Corporate Needs You to Find the Difference: Revisiting Submodular and Supermodular Ratio Optimization Problems

We study the problem of minimizing or maximizing the average value $ f(S)/|S| $ of a submodular or supermodular set function $ f: 2^V \to \mathbb{R} $ over non-empty subsets $ S \subseteq V $. This generalizes classical problems such as Densest Subgraph (DSG), Densest Supermodular Set (DSS), and Submodular Function Minimization (SFM). Motivated by recent applications, we introduce two broad formulations: Unrestricted Sparsest Submodular Set (USSS) and Unrestricted Densest Supermodular Set (UDSS), which allow for negative and non-monotone functions.
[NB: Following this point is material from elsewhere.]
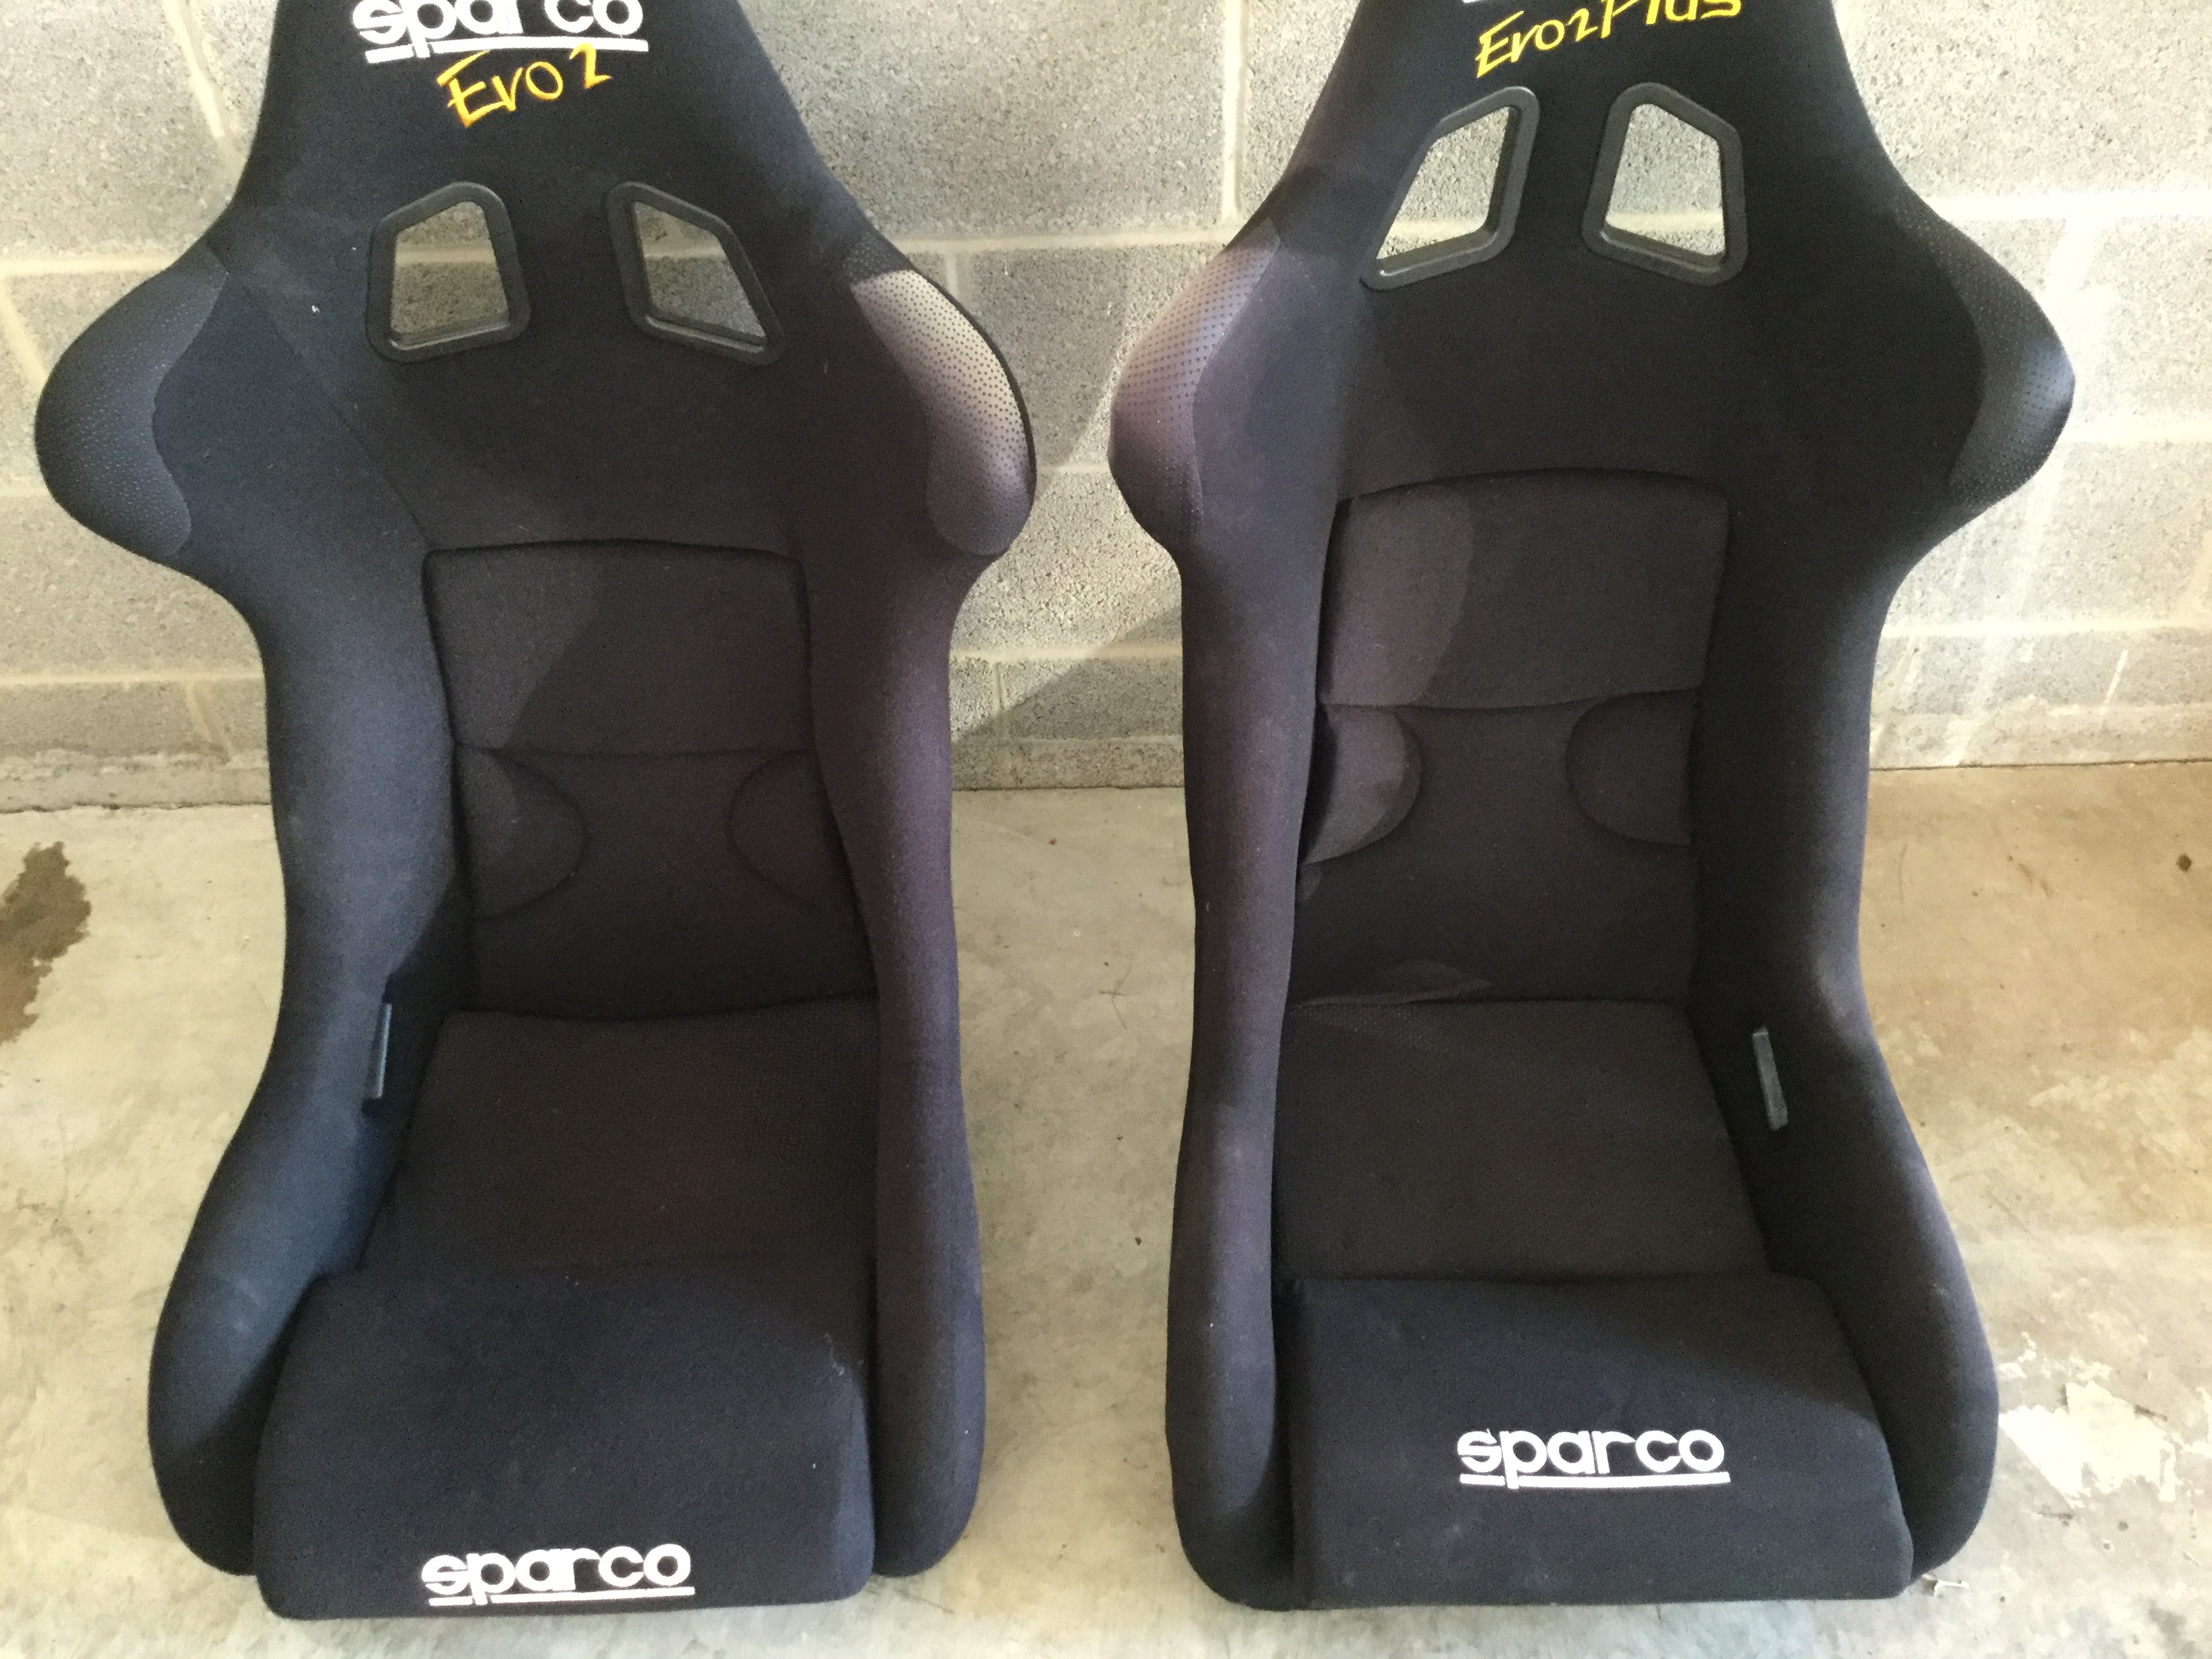 SOLD: Two sparco evo 2 racing seats - Rennlist - Porsche Discussion Forums
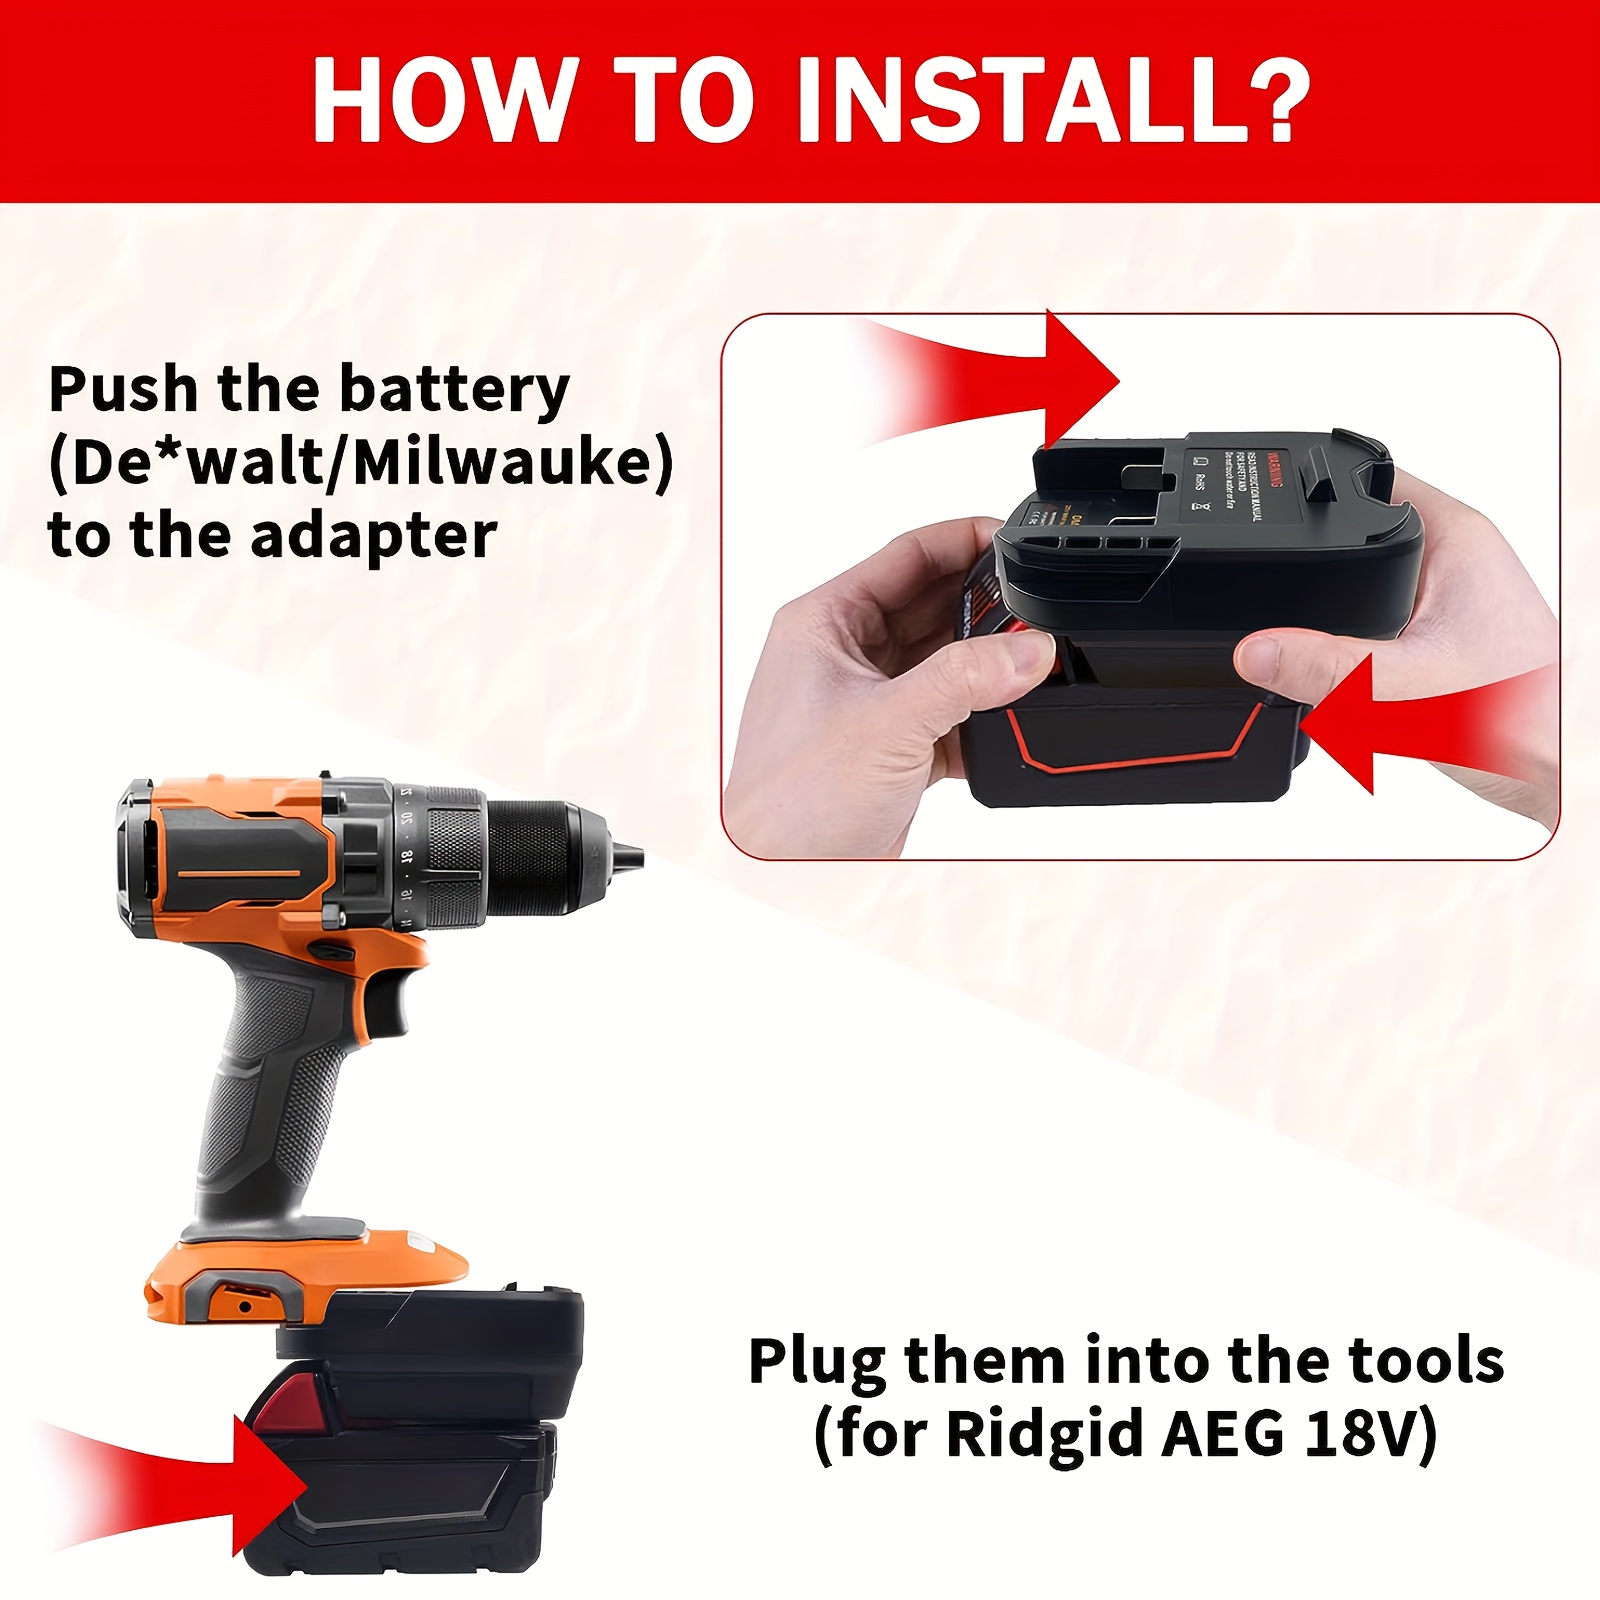 Convert a black & decker cordless drill battery to lithium ion

We show that DSS, SFM, USSS, UDSS, and the Minimum Norm Point (MNP) problem are equivalent under strongly polynomial-time reductions, enabling algorithmic crossover. In particular, viewing these through the lens of the MNP in the base polyhedron, we connect Fujishige's theory with dense decomposition, and show that both Fujishige-Wolfe's algorithm and the heuristic \textsc{SuperGreedy++} act as universal solvers for all these problems, including sub-modular function minimization. Theoretically, we explain why \textsc{SuperGreedy++} is effective beyond DSS, including for tasks like submodular minimization and minimum $ s $-$ t $ cut. Empirically, we test several solvers, including the Fujishige-Wolfe algorithm on over 400 experiments across seven problem types and large-scale real/synthetic datasets. Surprisingly, general-purpose convex and flow-based methods outperform task-specific baselines, demonstrating that with the right framing, general optimization techniques can be both scalable and state-of-the-art for submodular and supermodular ratio problems.